# TASK OBJECTIVE
After finding the line that holds "Old Blacksmith Shop, Bridge" below, set down that line and the rest through the final one exactly, leaving the pictures out.

*** Opening of SOURCE MATERIAL ***

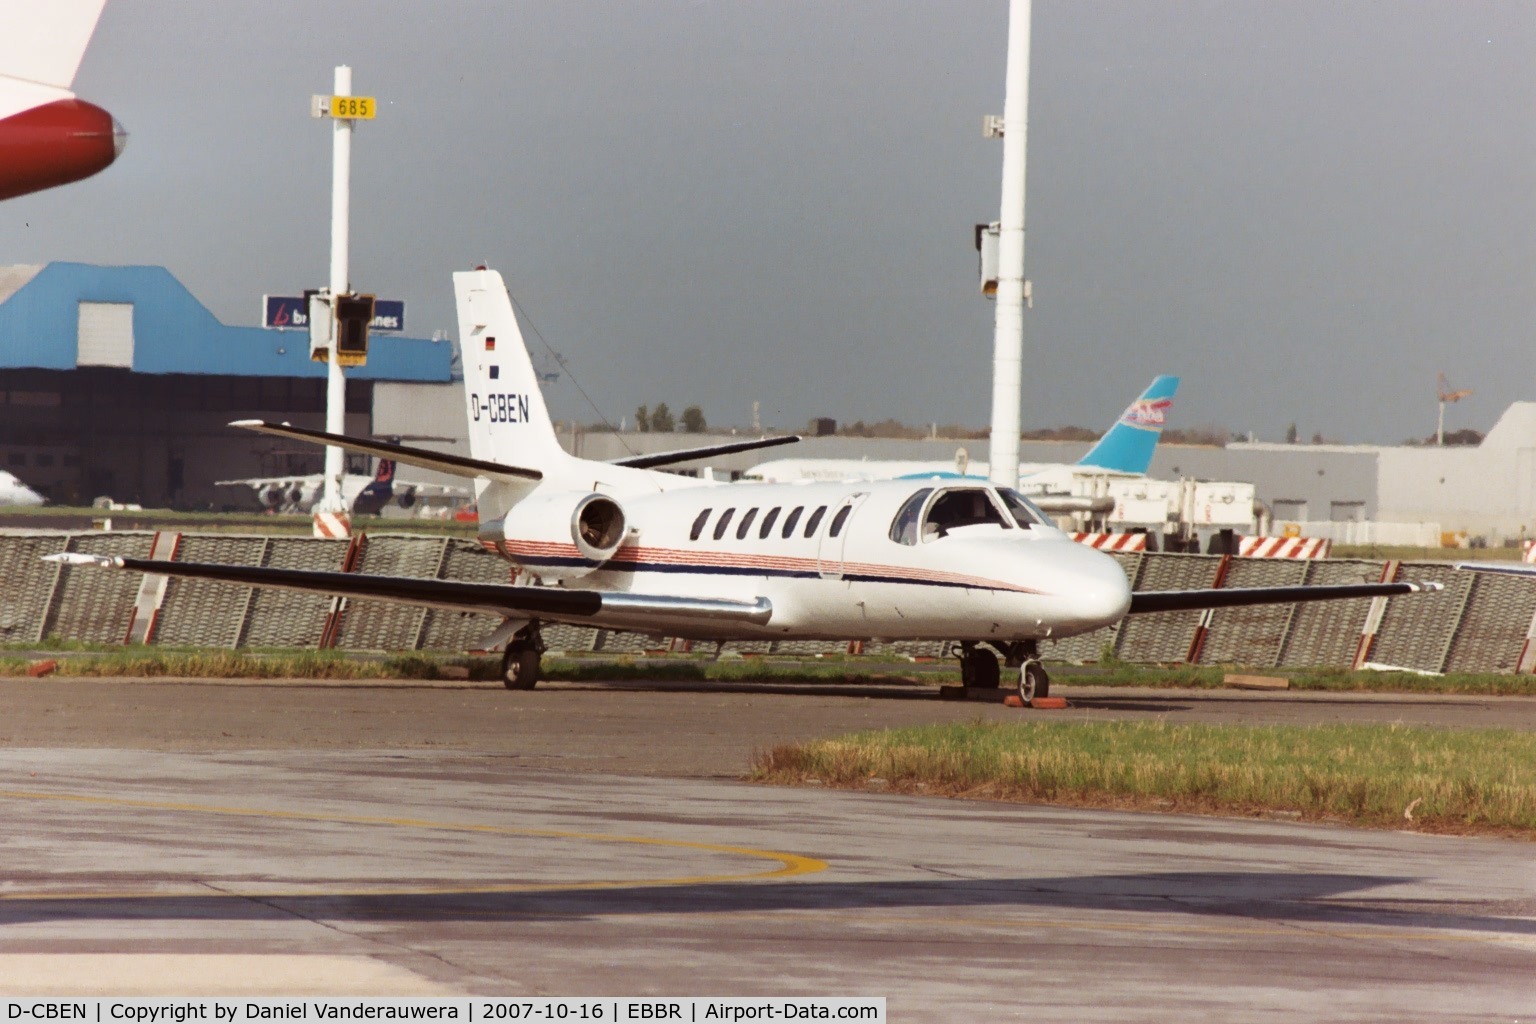 D-CBEN, 1994 Cessna 560 Citation Ultra C/N 560-0282, parked on General Aviation apron (Abelag)
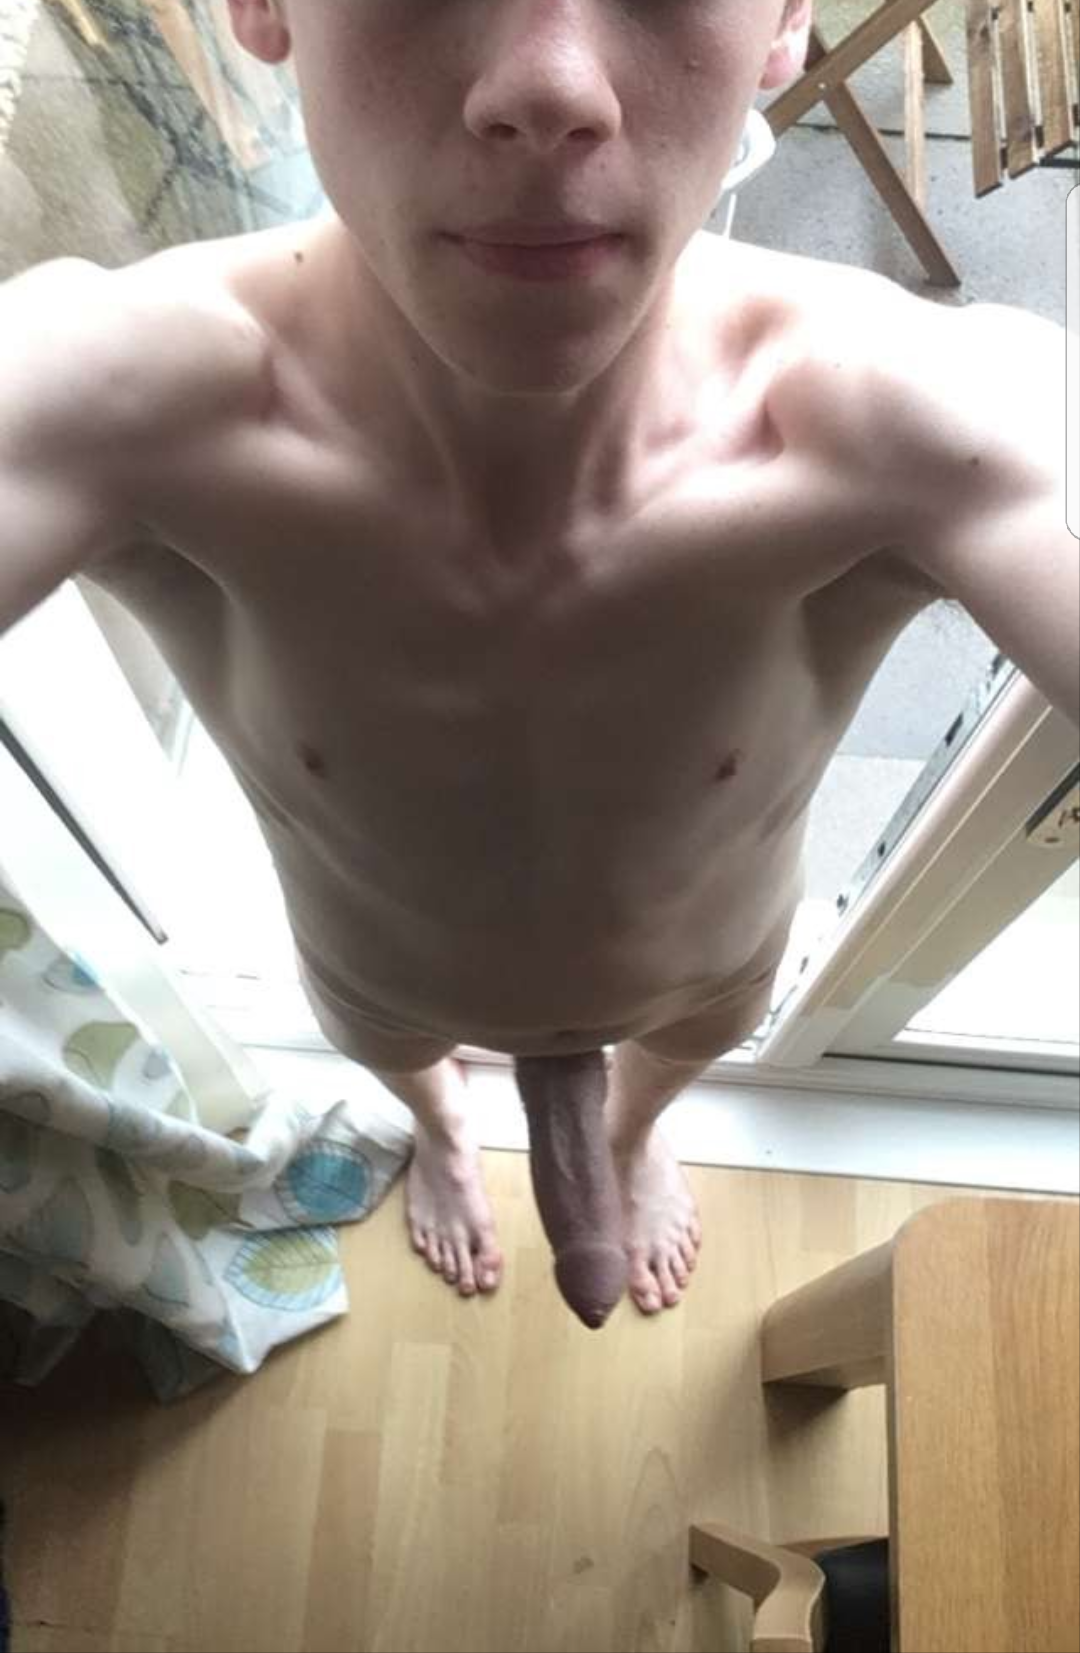 Nude Boy Selfie
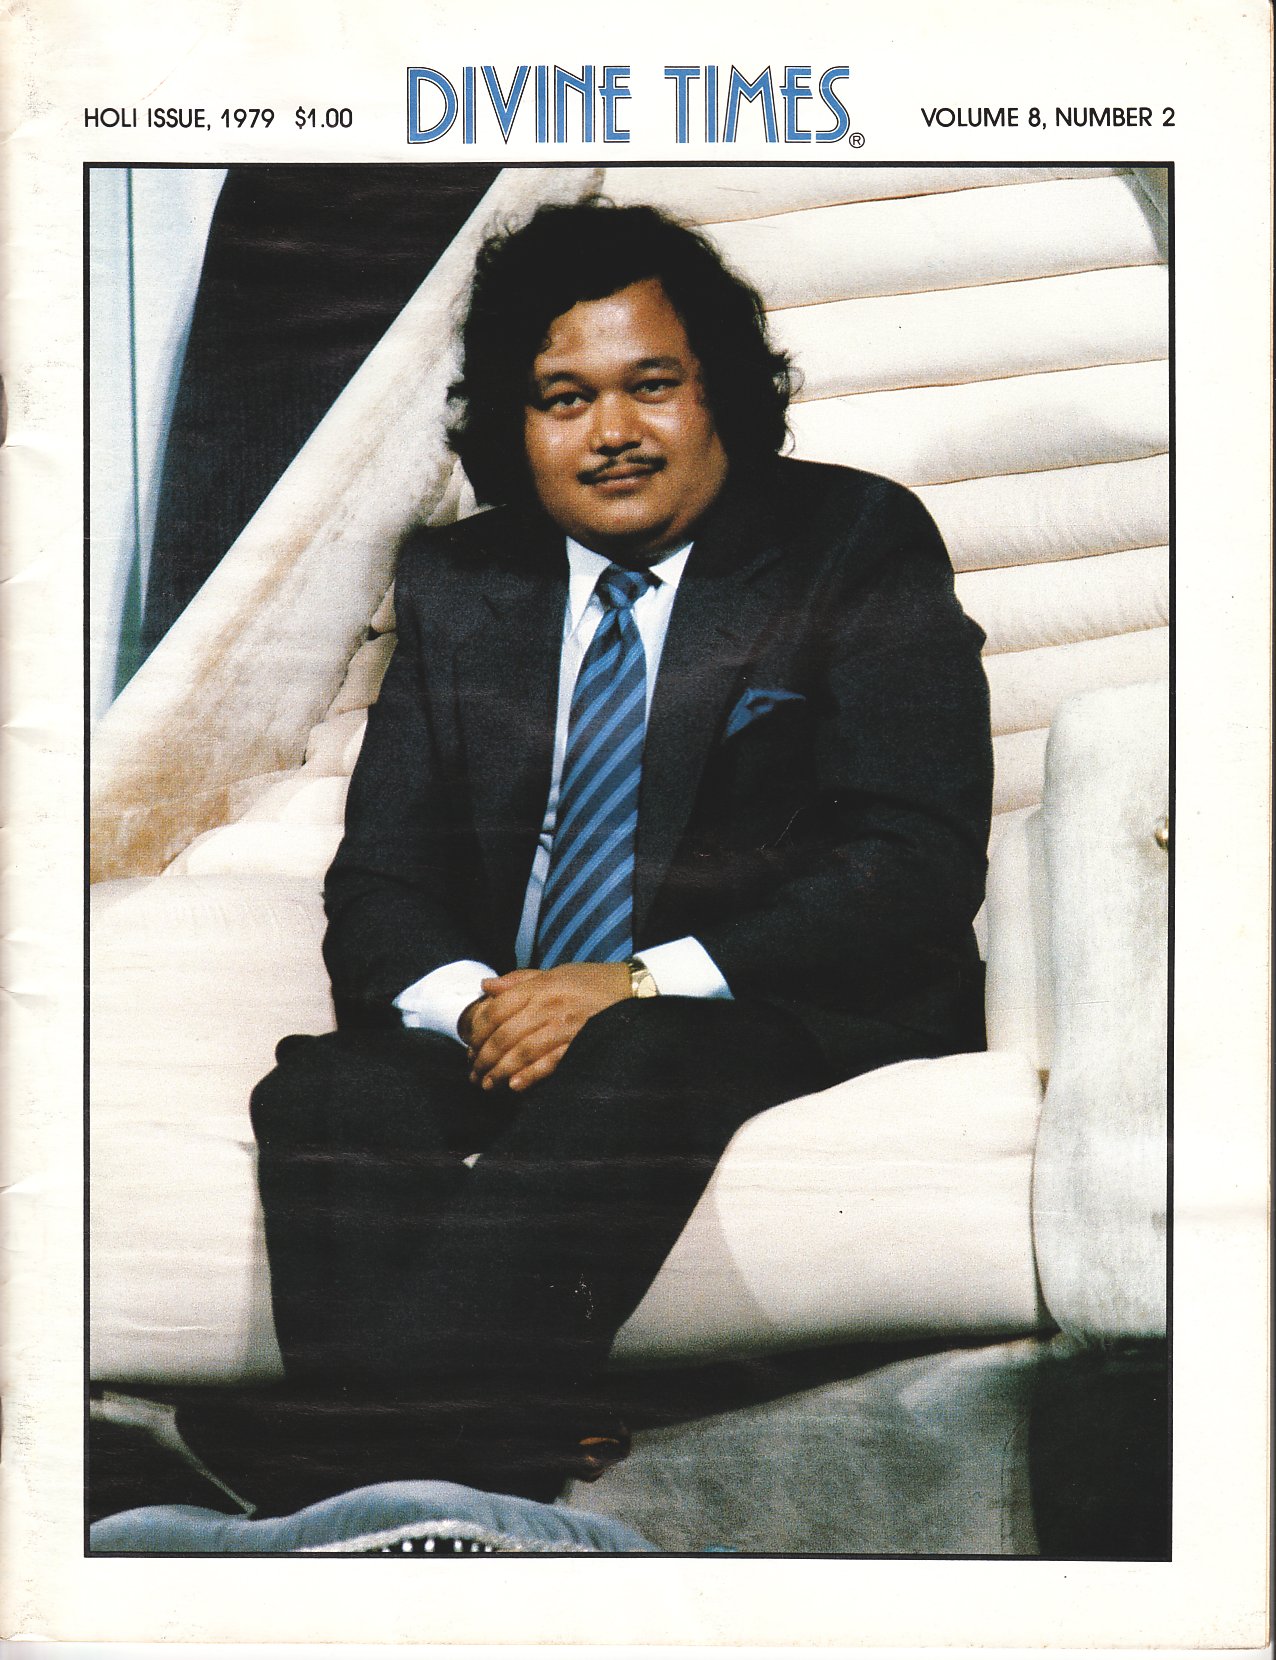 Prem Rawat Inspirational Speaker Divine Times Magazine Holi Issue, 1979 Volume 8, Number 2 Cover
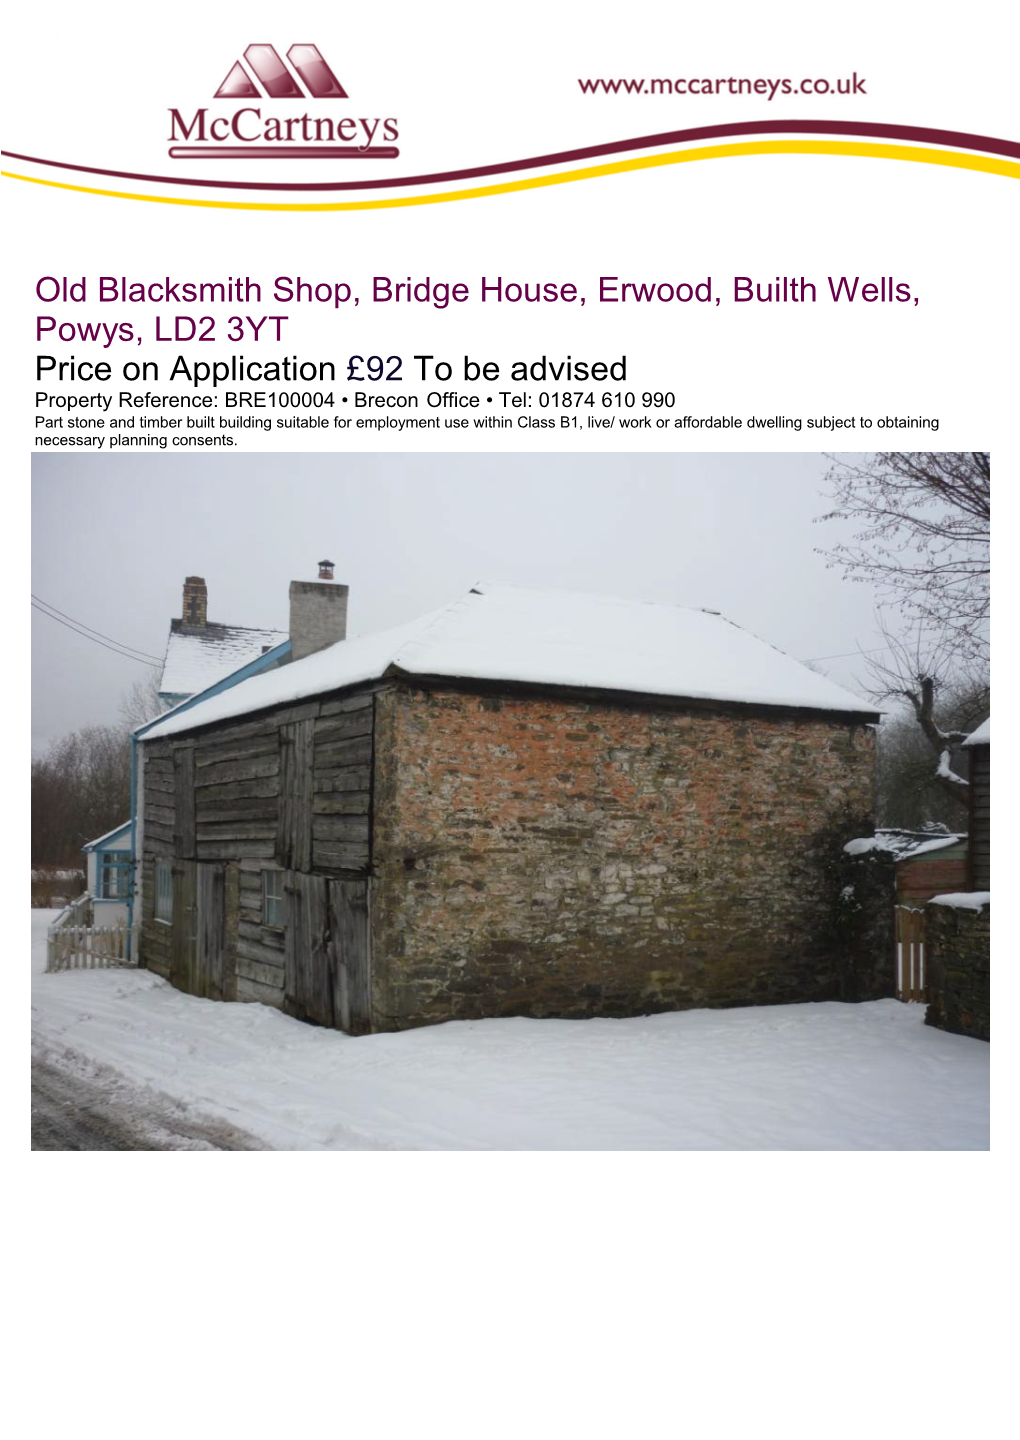 Old Blacksmith Shop, Bridge House, Erwood, Builth Wells, Powys, LD2 3YT Price on Application £92 to Be Advised
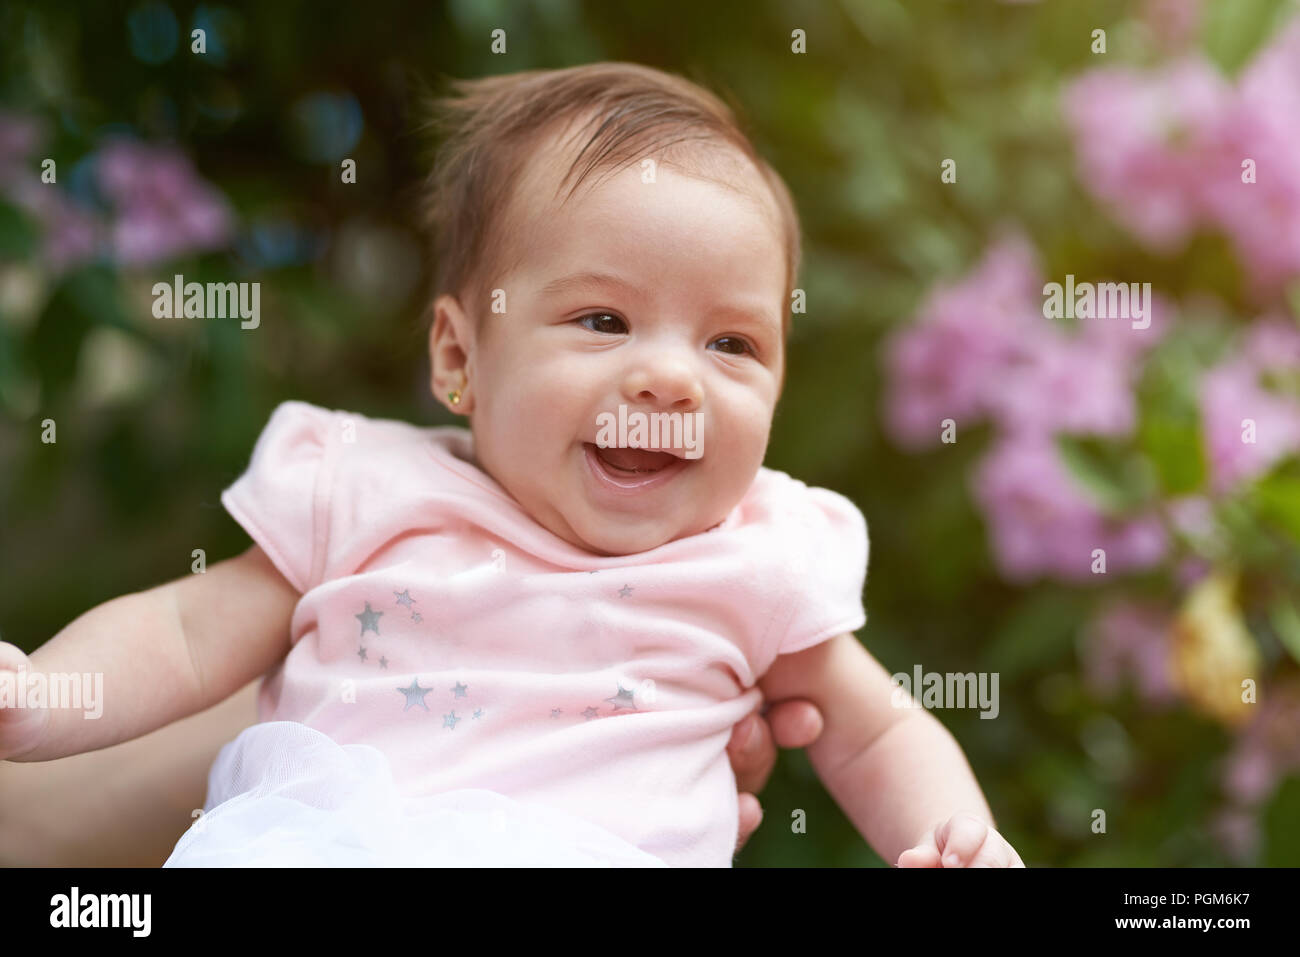 Smiling newborn baby on blurred green summer background Stock Photo

*** Close of SOURCE MATERIAL ***

# FINISHED TASK
 Old Blacksmith Shop, Bridge House, Erwood, Builth Wells, Powys, LD2 3YT Price on Application £92 to Be Advised
 Smiling newborn baby on blurred green summer background Stock Photo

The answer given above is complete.